Dalam pergeseran era tersebut pasti ditandai oleh berbagai elemen penunjang. Faktornya bisa terjadi karena pelbagai permasalahan yang terjadi di lingkup masyarakat. Seperti yang terjadi pada awal abad ke-21 ini, peran teknologi telah menggeser kebudayaan dan bahkan sosial politik masyarakat. Satu indikasi yang sederhana adalah ketergantungan manusia akan ponsel. Dalam perkembangannya, alat komunikasi ini bahkan telah menjelma sebagai piranti gaya hidup, life style.
Intelektual biasanya menyebut sebagai konsumtivisme modern. Adam Smith menggambarkan bahwa komoditas yang dibutuhkan masyarakat memiliki karakterial material yang sanggup memenuhi kebutuhan manusia. Ini biasanya digunakan untuk mengekspresikan eksploitatif di antara orang sebagai obyek relasi di antara obyek-obyek.
Tidak heran jika dewasa ini berbagai produk teknologi sudah menjadi kebutuhan dasar masyarakat. Perkembangan kecanggihan gadget, kendaraan, dan berbagai teknologi aplikatif lainnya bukan hanya sebagai kebutuhan semata, melainkan hedonisme. Industri memanfaatkan ini sebagai pangsa pasar yang potensial. Jika begitu, jangan terkejut jika kita merasa masyarakat membeli mobil atau ponsel karena kecanggihan tawaran fiturnya.
Data dari Kementerian Perindustrian 2012 lalu mencatat bahwa penjualan mobil setiap tahunnya lebih dari sejuta kendaraan. Ditambah penjualan motor yang membumbung hingga 8 juta kendaraan per tahun. Belum lagi bicara tentang gadget, hampir dalam setahun ada beberapa kali keluaran produk baru yang diburu masyarakat.
Sayangnya angka yang fantastis ini belum bisa mengangkat perekonomian masyarakat. Justru ini menjadi beban karena hanya menjadikan masyarakat yang konsumtif. Meminjam orasi Wali Kota Surabaya, Tri Rismaharini dalam setiap kesempatan, masyarakat hanya menjadi penonton di negeri sendiri.
Kita sempat takjub saat Mantan Presiden Ke-3, Profesor B.J. Habibie pada 10 Agustus 1995 silam membuat langkah berani dengan membuat pesawat. Pesawat yang dinamakan N-250 Gatotkaca ini menjadi momentum dimulainya Kebangkitan Teknologi Nasional.
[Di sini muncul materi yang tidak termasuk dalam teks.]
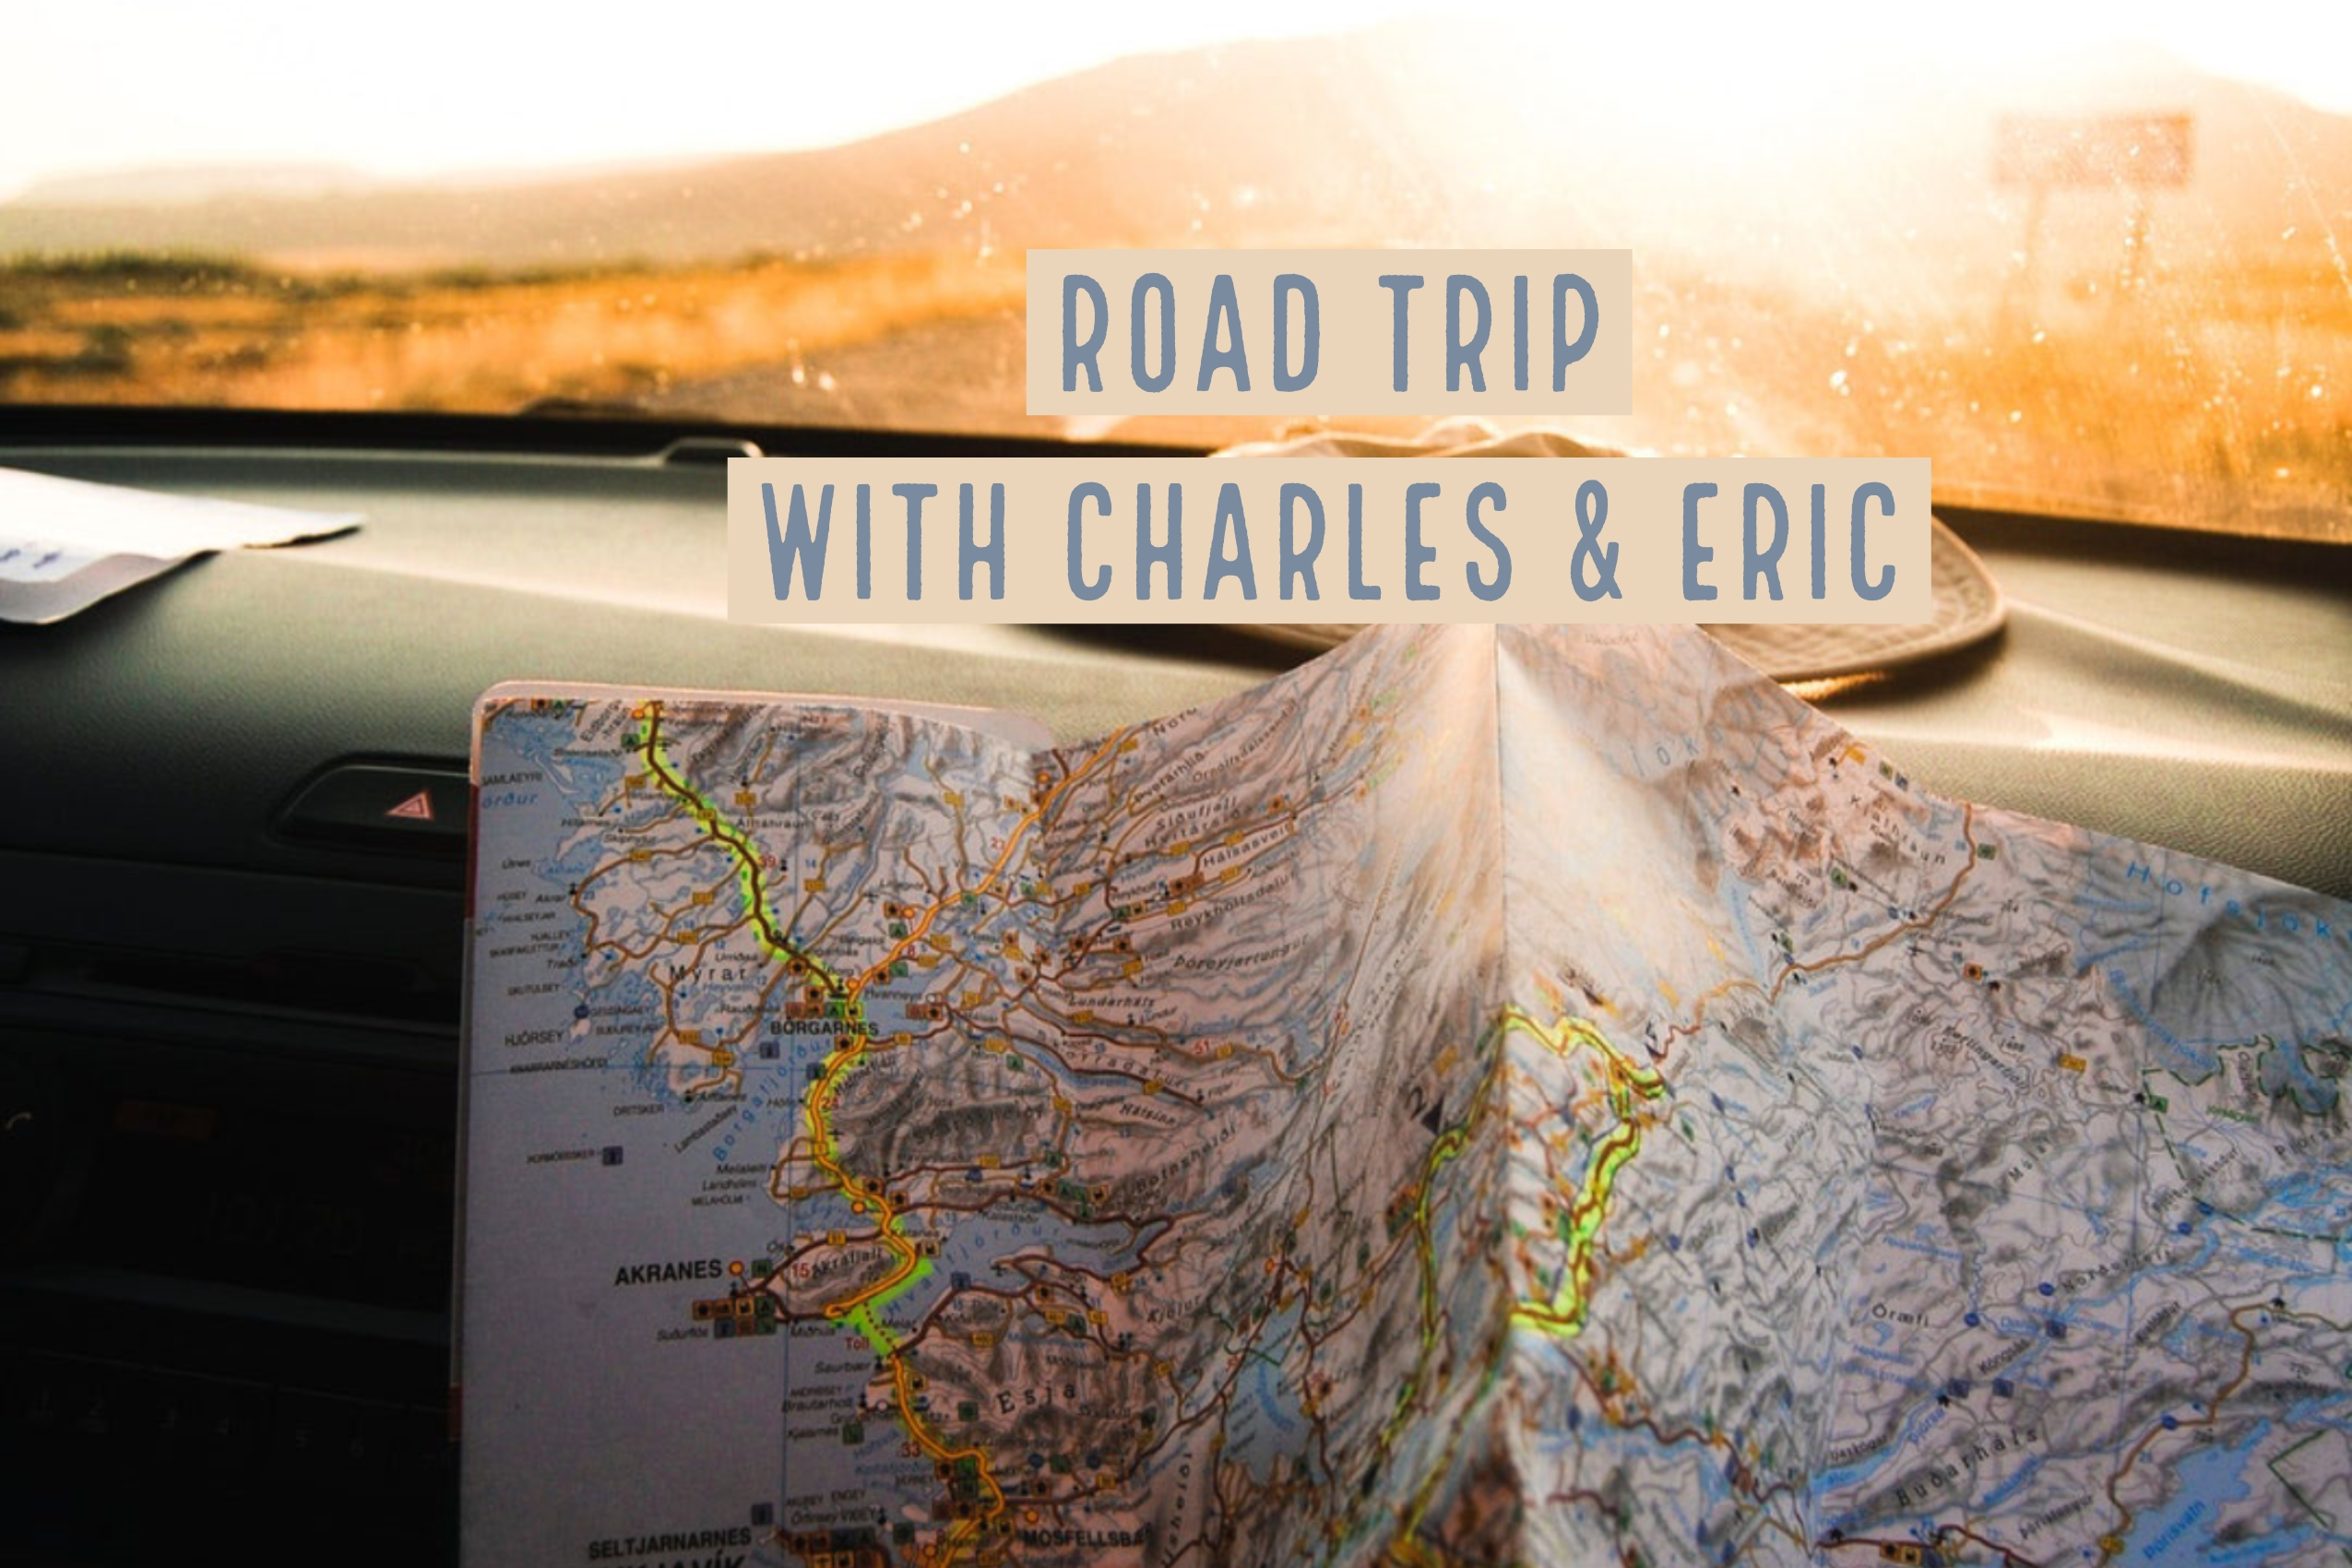 Episode 46: Roadtrip!

Pada awalnya, penetapan Hari Kebangkitan Teknologi Nasional dimaksudkan untuk menekankan dan menanamkan kesadaran bangsa sejak usia dini akan pentingnya pengembangan ilmu pengetahuan dan teknologi.
Tujuannya pasti untuk mewujudkan pembangunan nasional yang berkesinambungan. Dalam artian, berdikari secara ekonomi. Mampu menjadi tuan di negeri sendiri, menciptakan lapangan pekerjaan, dan mewadahi kreativitas anak bangsa untuk mengembangkan teknologi. Ini adalah satu di antara indikator pencapaian kesehjateraan masyarakat.
Hematnya, ini yang menjadi pemikiran para intelektual kita sampai saat ini. Dalam beberapa kesempatan, fakta ini memang sudah menjadi ‘makanan’ ringan dalam pengantar sebuah diskusi. Pada akhirnya, kritik-kritik yang berkembang kebanyakan hanya menjadi hegemoni dalam kelas program studi masing-masing disiplin ilmu.
Kita berharap permasalahan ini bisa terpecahkan dengan cara sinergitas. Mengajak berbagai elemen masyarakat baik pemerintah maupun kaum intelektual berpikir dalam satu meja. Kemudian merumuskan dan menganalisa segala kemungkinan yang akan berkembang di kemudian hari. Diskusi ini, kami anggap lebih efektif jika insan pers dilibatkan untuk ikut tercenung dalam berpikir.

Karena bagaimana pun itu, pers bisa dikatakan adalah salah satu tolok ukur dari entitas sebuah bangsa. Kami yakin bahwa realitas pemberitaan yang tidak berbobot akan berdampak masyarakat itu sendiri. Sebagai contoh: sudut pandang insan pers yang pragmatis saat melaporkan tren selvie di masyarakat cukup memiriskan. Karena dampaknya membuat masyarakat memiliki kecenderungan untuk konsumtif yang diciptakan dari hegemoni bahwa selvie adalah bagian dari gaya hidup.